Multi-scale frequency separation network for image deblurring
- URL: http://arxiv.org/abs/2206.00798v1
- Date: Wed, 1 Jun 2022 23:48:35 GMT
- Title: Multi-scale frequency separation network for image deblurring
- Authors: Yanni Zhang, Qiang Li, Miao Qi, Di Liu, Jun Kong, Jianzhong Wang
- Abstract summary: We present a new method called multi-scale frequency separation network (MSFS-Net) for image deblurring.
MSFS-Net captures the low and high-frequency information of image at multiple scales.
Experiments on benchmark datasets show that the proposed network achieves state-of-the-art performance.

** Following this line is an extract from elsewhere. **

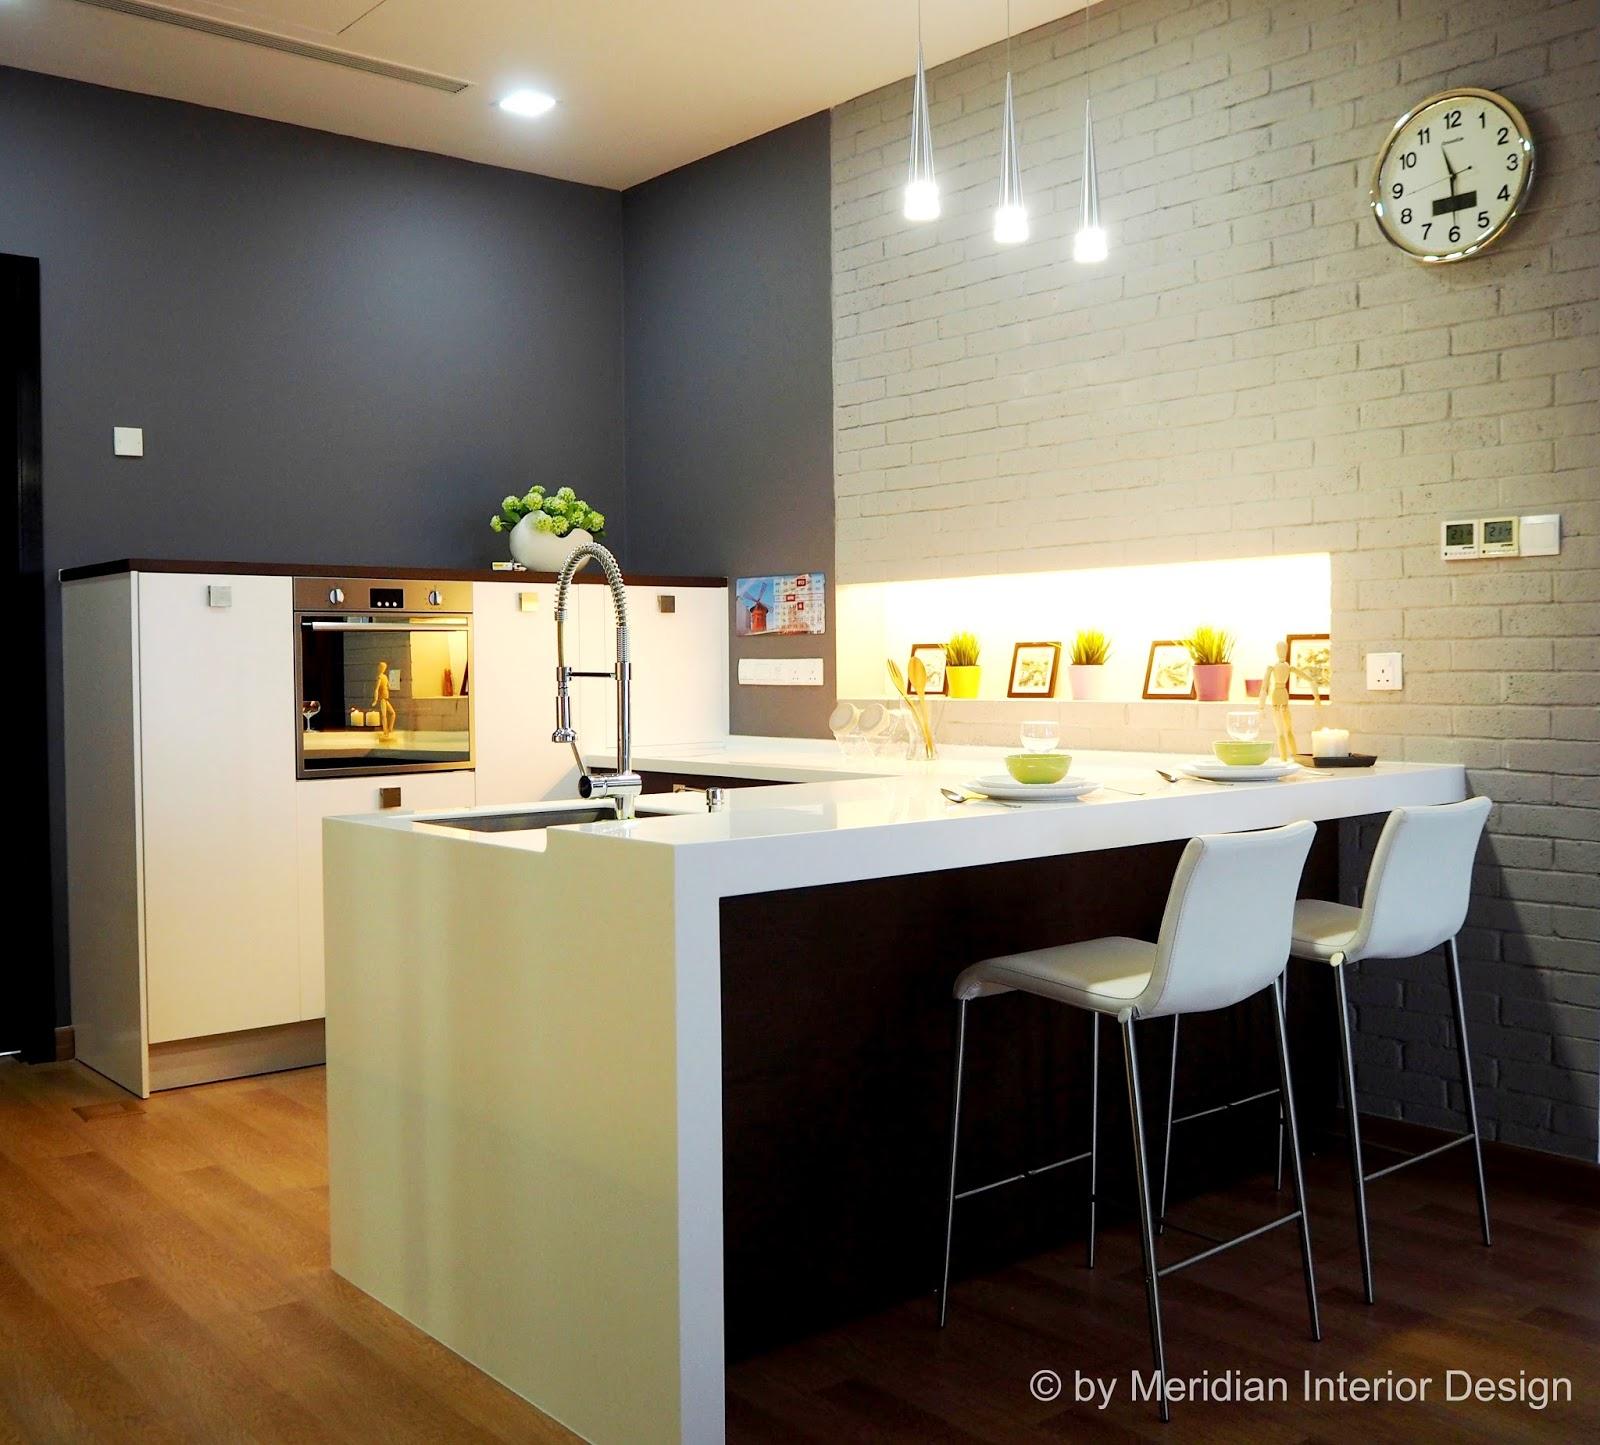 Small kitchen design kuala lumpur cabinet malaysia ideas for Kitchen ideas malaysia

- Score: 10.511076996096117
- License: http://creativecommons.org/licenses/by/4.0/
- Abstract: Image deblurring aims to restore the detailed texture information or
structures from the blurry images, which has become an indispensable step in
many computer-vision tasks. Although various methods have been proposed to deal
with the image deblurring problem, most of them treated the blurry image as a
whole and neglected the characteristics of different image frequencies. In this
paper, we present a new method called multi-scale frequency separation network
(MSFS-Net) for image deblurring. MSFS-Net introduces the frequency separation
module (FSM) into an encoder-decoder network architecture to capture the low
and high-frequency information of image at multiple scales. Then, a simple
cycle-consistency strategy and a sophisticated contrastive learning module
(CLM) are respectively designed to retain the low-frequency information and
recover the high-frequency information during deblurring. At last, the features
of different scales are fused by a cross-scale feature fusion module (CSFFM).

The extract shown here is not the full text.